The diameter of the U-roll is approximately the same over the entire width of the film, and remains the same even when the film is being unrolled from the film. Therefore, phenomena such as one end of the rolled film in the width direction becoming sagging or the opposite end being bent are unlikely to occur.

(2) Since a roll of film is wound with approximately the same tension over the entire width in the width direction,
The shrinkage rate of the rewound film shows almost the same value over the entire width of the film, and it does not cause deformation, deformation, No changes in appearance such as wrinkles occur.

(3) Roll-up of the film according to the present invention) The rolled product has uneven ears at both ends of the product. Since the outer circumferential dimension difference is adjusted to a specific range,
Although the film is long and wide, when the rolled material is unwound and the two ends of the film are bonded together, the film may sag or the edges may curve like 9. No undesirable phenomena occur.

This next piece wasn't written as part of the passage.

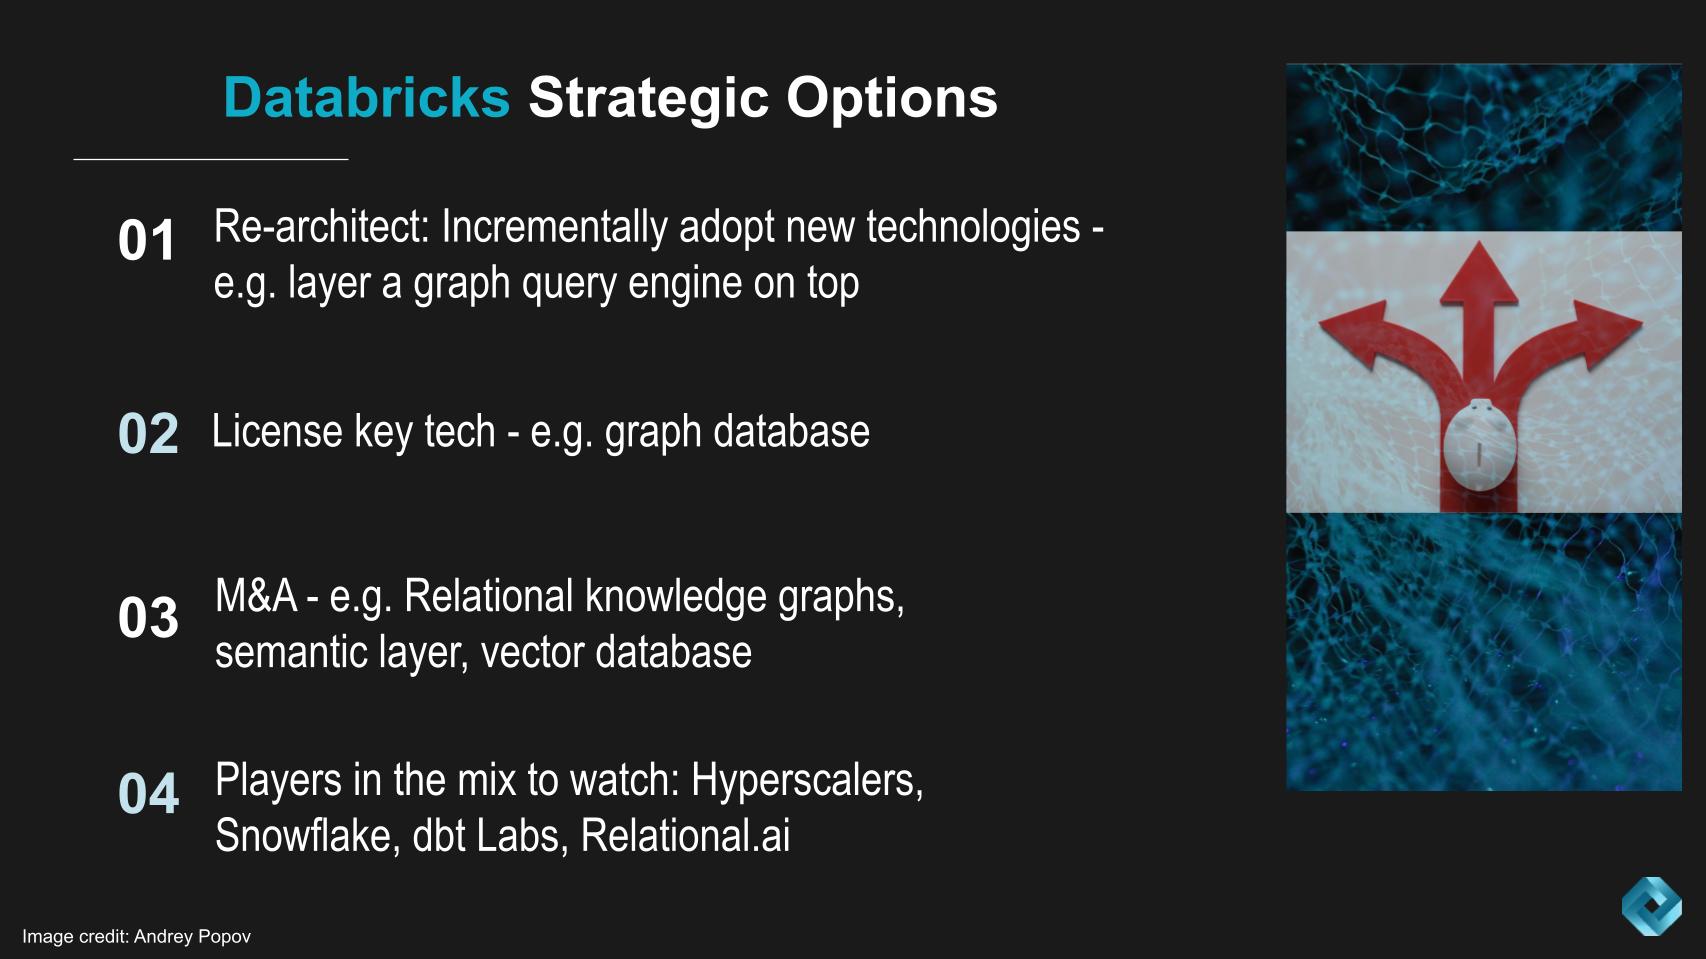 Databricks strategic options

(4) Is the rolled film according to the present invention a film widened by intermediate processing? For example, even when used as a covering for an agricultural greenhouse, sagging areas do not occur and the material can be preferably tensioned.

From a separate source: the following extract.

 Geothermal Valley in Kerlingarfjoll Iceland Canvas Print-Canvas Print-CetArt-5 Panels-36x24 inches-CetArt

[Brief explanation of drawings]

FIG. 1 is a perspective view of a roll-shaped film according to the present invention, and FIGS. Figure 3 is a plan view of two films in which the edges in the width direction are overlapped and the edges are joined together, and Figure 2 (a) is a cutting method that has been used in the past. Example of cutting blade arrangement for new fatigue in Figure 7 (cl) U, Figure 7 (a)
A top view of an example of the starting part (cutting end) is shown in FIG. In the figure, //, 2/, 3/, ri/, 3i, Otsu/, and Otsu2.7/ are respectively synthetic resin films, /mo63, Otsu ¥
are the rolls of film, /3.72 are the respective fatigues, /g is the end of the film in the longitudinal direction, and 2
2, 23.2, 2J-13-2, 33.3, 33゛1, 2, 3.3, and 3.7 are the straight lines formed on the cut end, 15.26, 3, respectively. Otsu, ¥9, J are the center lines in the length direction of the film, ζ6 are the support shafts of the rolled product, Otsu 7 is the intermediate joint, Otsu is the high frequency sewing machine, Otsu 2 is the glued The part 23 is the cutting blade, ?
¥ is an arrow indicating the running direction of the cutting blade, 7j is the film feeding direction 'f 7F arrow, Ao + Bor- are both stars of the rolled material; 1re A40 m B2
O indicates the position from 80+Bo to Off+inside, respectively. Applicant Mitsubishi Monsanto Kasei Co., Ltd. Agent Patent Attorney Hase - (7 others) Figure f Figure 6 Figure 7

Claims (1)

[Claims] (1) In a roll-shaped product of a long and wide synthetic resin film, the shape of the starting part (cut end part) of the winding around the yarn core is such that at least two or more wires intersect,
Further, this shape is substantially symmetrical on the left and right sides with respect to the central axis in the longitudinal direction of the film, and substantially eliminates edge irregularities at both ends of the rolled material. The difference in the outer circumferential dimensions of the two ends of the nine rolled rolls must be within 10 mm,
All the outer circumferential dimensions of the sections between both ends of the rolled material and the position inside the groove from these ends are within the range of +10 from -j゛ order based on the outer circumferential dimensions of each end. And all the outer circumferential dimensions of the sections sandwiched between the two ends of the rolled material at the two positions inside the groove θα are -! From pant +/! 1. A roll-shaped synthetic resin film, characterized in that it is within a tolerance range.